# SBS 2003 R2, how to set up workgroup instead of domain



## pbjerryb (Dec 3, 2008)

Hi,

I have a client with a small sales department. He just purchased SBS 2003 R2, he wants me to install it, and then he wants to use it as a workgroup network instead of a domain network. I know that you have to create a Domain during setup, but is it possible to use the server as a workgroup afterward? 

Thanks,
Jerry Baker


----------



## rlagrotta (Dec 13, 2008)

Jerry,

I have a similar problem. Curious to know if you, or anyone else found a way to install SBS 2003 RS in a Workgroup, not a Domain.

Rick


----------



## XtabbedoutX (Sep 12, 2007)

rlagrotta,

Jumping in on someone else's Thread is called Hi-Jacking and is against Forum Rules.

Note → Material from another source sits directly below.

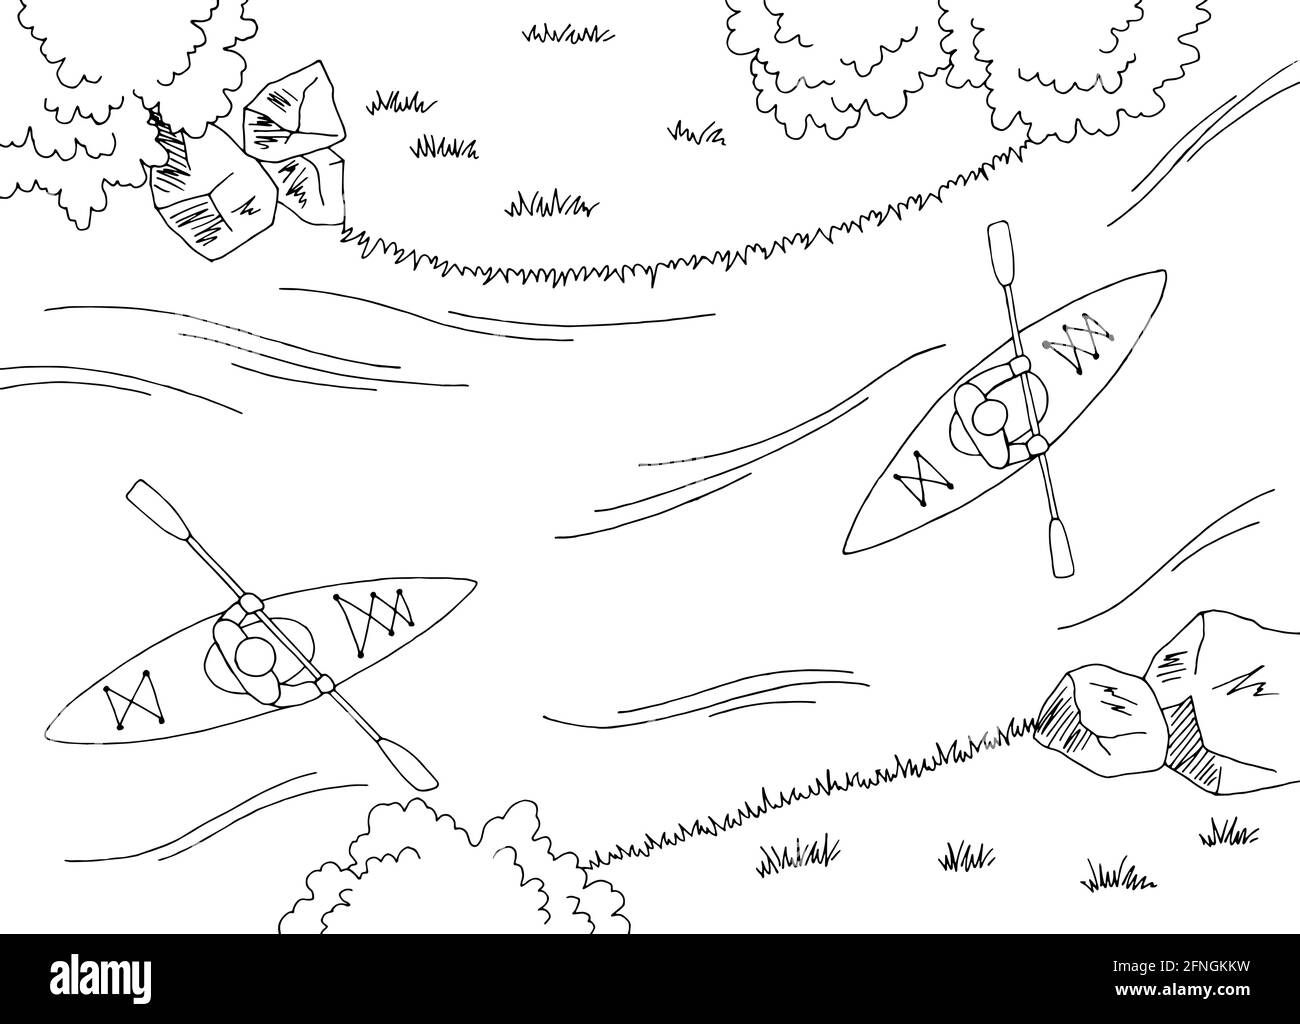 Kayak bateau voyage graphique noir blanc rivière vue aérienne du dessus vecteur d'illustration d'esquisse paysage Illustration de Vecteur

If you have a question please start your own Thread.


----------



## bilbus (Aug 29, 2006)

just don't install active directory. Why would you want a workgroup ...

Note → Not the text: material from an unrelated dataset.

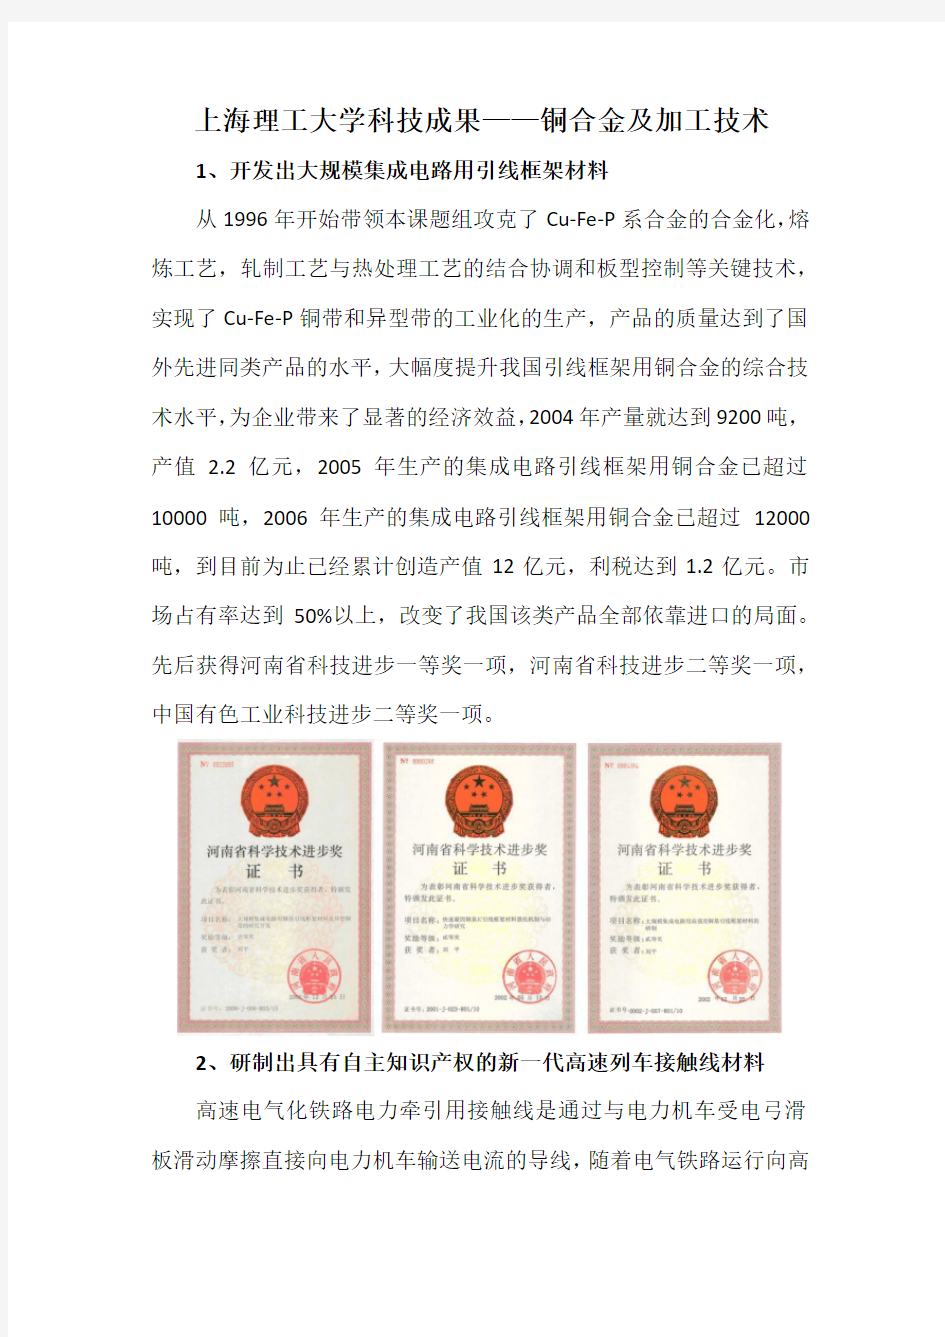 上海理工大学科技成果——铜合金及加工技术

A basic AD setup is simple. Even if you dont want the workstations to login to AD .. you can have them login localy and just match the passwords on the local accounts and the domain acocunts.


----------



## steveg3 (Mar 3, 2009)

XtabbedoutX
I have just read and observed the rules very carefully 5 times over.

Could you kindly site which part of them you are complaining that rlagrotta
is breaking?

Please tell me in your own words exactly what riagrotta is doing wrong and then
quote the text in the rules where he is doing this.

I don't see any problem with people working together and sharing the details of fixing a problem.

I too would also like to know the outcome and what he finds.
If you will not site which specific rule is being broken please kindly remove your
comment, it makes YOU look really really bad here.

Thank you...

Steve


----------



## bilbus (Aug 29, 2006)

he needs to start a new thread if he wants help ... its called thread hijacking.

You can install Ad and not use it if you like.


----------